At this juncture, Ontarios state and economy share several characteristics synonymous with neoliberal markets and administration. These include: the dominance of the service and financial sectors; an increasingly internationalized economy; decentralized and marketized public service delivery; a highly centralized decision-making process at the apex of the state relatively insulated from legislative accountability; and a politicized senior bureaucratic elite circulating between the corporate and state sectors. This trajectory in institutional form and policy practices has serious implications for further eroding already thin and formal liberal democratic structures and processes, as well as circumventing any serious consideration of a more radical democracy and redistributive policy agenda.

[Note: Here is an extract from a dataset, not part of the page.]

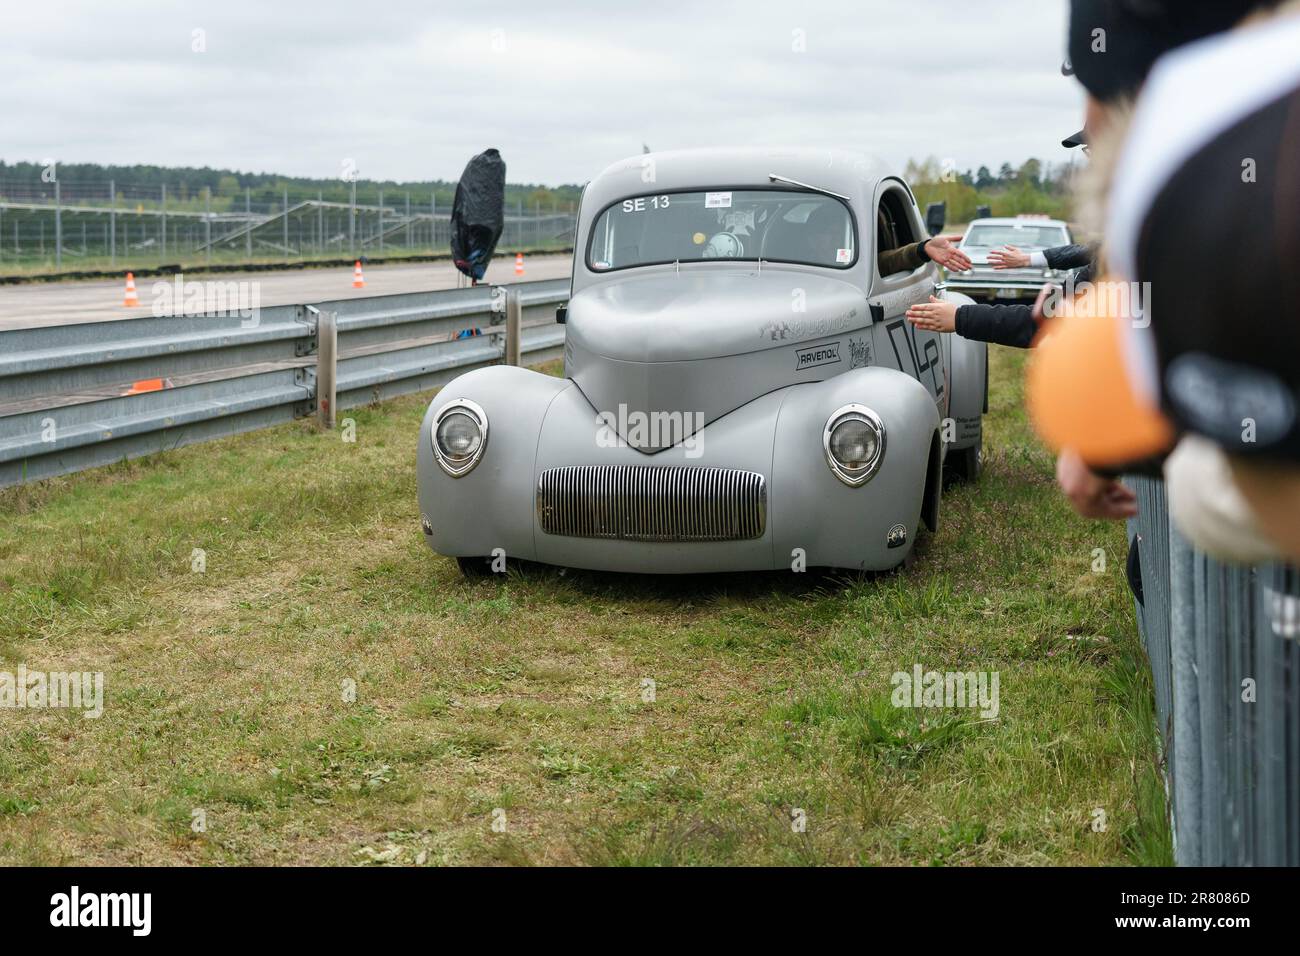 FINOWFURT, ALLEMAGNE - 06 MAI 2023: Le hotrod 1941 Willys coupé par Micha 'FullSpeed' Vogt sur la route. Fête de la course 2023. Ouverture de saison. Banque D'Images

In addition to these general institutional characteristics, neoliberalism as a policy regime can be defined as a market-enhancing approach to governance and, as such, represents an ideological shift toward a different and in many ways more active role of the state in expanding capitalist-led economic and social development. In attempting to enhance the scope of market allocation and private power, neoliberal policies build upon principles of competition, laissez-faire, efficiency, productivity, profitability, and individual autonomy. These are manifested in policy forms such as liberalization, deregulation, privatization, and an erosion of worker protections as well as redistributive programs. In other words, neoliberal policy regimes attempt to ensure the social reproduction of the class and extra-market institutional conditions for capital accumulation through various market and pricing mechanisms. Neoliberal policy practices have major effects institutionally: the hollowing out of certain regulatory capacities of the state; the monetizing and marketizing of public assets; the concentration of political power in the central executive, particularly in the leaders office; and the re-ordering of state apparatuses to increase the control and management functions of the central economic agencies, strengthen the mandates and capacities of the policing, carceral, and security apparatuses, and limit the resources and role of other departments and agencies of the state. Neoliberalism is fundamentally misconceived, then, if interpreted as a policy regime setting markets against states. Quite the opposite, the neoliberal state form plays a crucial role in building, extending, and internationalizing markets.